Шанс умереть по дороге к покупке лотерейного билета больше, чем шанс выграть в лотерею.
14.09.2016 07:08
OlegON
 
— Пришла все-таки?
— Угу.
Смерть усела на край постели и посмотрела на заваленную лекарствами тумбочку. Стандартный набор: раскаленная лампа, горевшая всю ночь напролет, куча разнообразных таблеток, кружка остывшего чая и книга с закладкой.
Старик смотрел на Смерть спокойно, без страха. Он давно ее ждал.
— Сколько мне еще?
— Две минуты.
— А я в памперсы только что нассал.
Смерть засмеялась, ощерив свой оскал гнилых, желтых зубов, в пустых глазницах блеснул зеленый огонек.
— Люблю юморных.
Снова повисло молчание. Секунды текли чудовищно медленно, казалось, что часы остановились.
— Смерть, можно тебе задать вопрос?
— Валяй.
— В чем смысл жизни?
Смерть хмыкнула.

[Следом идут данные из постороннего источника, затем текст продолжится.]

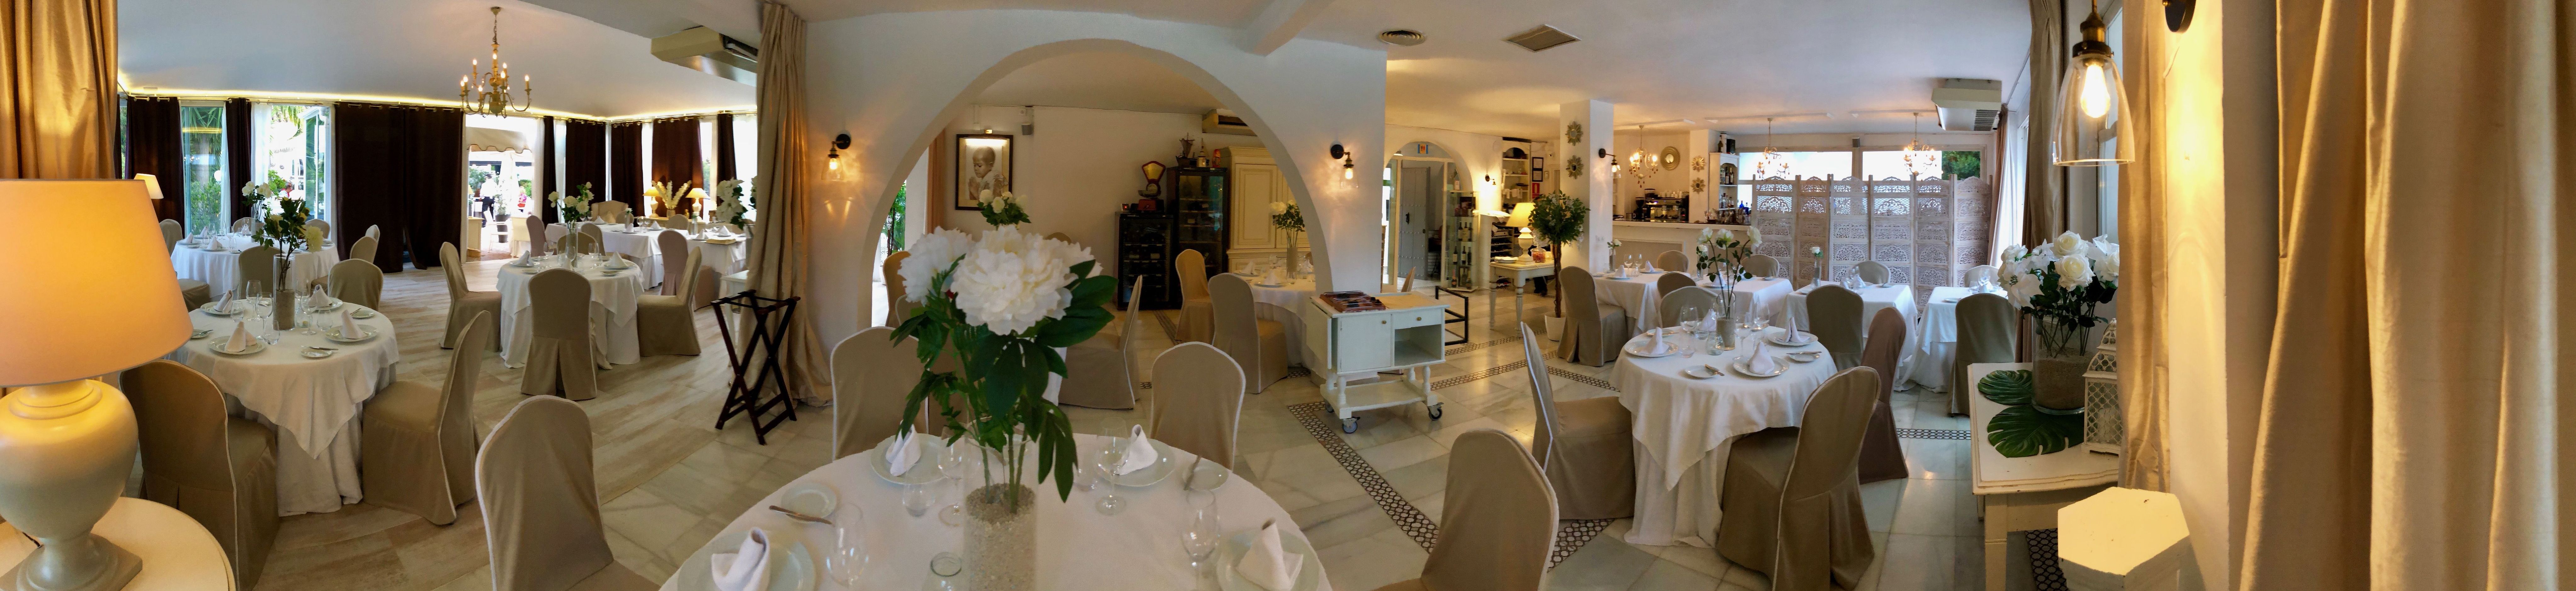 Foto 24 de Mediterranean cuisine en Marbella | El Cortijo de Ramiro

Обычно спрашивали: «Что будет дальше?». Никого уже не интересовала жизнь, которую она забирала.
— Ты философ?
— Нет. Я всю жизнь проработал учителем. И всегда задавался этим вопросом. В чем же мой смысл жизни? Родился у меня сын. Думал, вот он, он мой смысл жизни! Смысл жизни в продолжении жизни! И ты его забрала в восемнадцать.
Старик говорил спокойно, воспоминания о давно умершем сыне уже не рвали душу, боль ушла.
— Я это вытерпел. Было тяжело, но пережил. Я решил, что смысл жизни в любви. Люба. Любовь моя. Не смогла со мной жить после смерти сына, и моя любовь ей была не нужна. Мы ведь могли еще завести детей, но нет. Ушла к другому.
Смерть хмыкнула. Привычное дело, сколько уже она слышала такое.
— И тогда я решил, что смысл жизни в моем призвании. Я учил детей. Я полностью отдался работе. Вкладывал в их умы все, что знал сам, отдавался весь им без остатка. Бессонные ночи ради того, чтобы донести им больше, чем может дать школа. Столько лиц я озарил воодушевлением, сколько ясных глаз горели, слушая меня часами. И что получилось?
— Что? – невольно спросила Смерть.
— Да, ничего! В лучшем случае серые клерки, да болтливые менеджеры. Те же, в которых я видел будущих великих людей стали совсем никчемными. Отбросами. Пришел ко мне как-то Андрей Васнецов. Ведь любимцем моим был. Пришел пьяным оборванцем на День Учителя. И говорит: «Зря вы все это делали, Сан Саныч. Зря». У меня в тот момент сердце прекратило биться. Больше половины жизни положил впустую. Не оставил после себя ничего. Ничего!
Стрелка часов очень медленно, но ползла. Прошло полторы минуты. Смерть поднялась с кровати.
— Так в чем смысл жизни? Скажи, может не зря я прожил эту жизнь и лежу сейчас обоссаным?
— Помнишь в седьмом классе Яну Смирнову?
Старик наморщил лоб, пытаясь вспомнить.
— Рыжая такая?
— Да. Правда умерла уже давно.
— Помню.
— Помнишь ты ей подножку подставил и она со всего маху пролетела, да приземлилась лицом в кучу собачьего дерьма?
Старику не понравились такие воспоминания.
— Глупым ребенком был. Дети все жестокие.
— Неважно. Ее еще стали называть «Янка-говнянка» и ей пришлось перевестись в далекую школу.
— И?
— Все. Весь твой смысл жизни. Ты выполнил свое предназначение.
Старик охнул и затрясся.
— Как так? – сухо спросил он.
— Она родила великого человека, политика, который войдет навеки в историю. Ты же был лишь пазлом мозаики. Как и большинство людей. Просто пазлы. Не более.
— Нет. Не верю… Как же так…
Смерть не стала слушать старика и взмахнула над ним косой. Серая субстанция души покинула старое тело, воспарив к потолку и рассыпавшись невидимым пеплом.
— Вот так. – сказала Смерть и закинув косу на плечо вышла из комнаты. В комнате запахло мочой.
20.09.2016 07:15
OlegON
 
Эту байку или рассказ я подслушал на каком-то семейном мероприятии, когда был ещё ребёнком.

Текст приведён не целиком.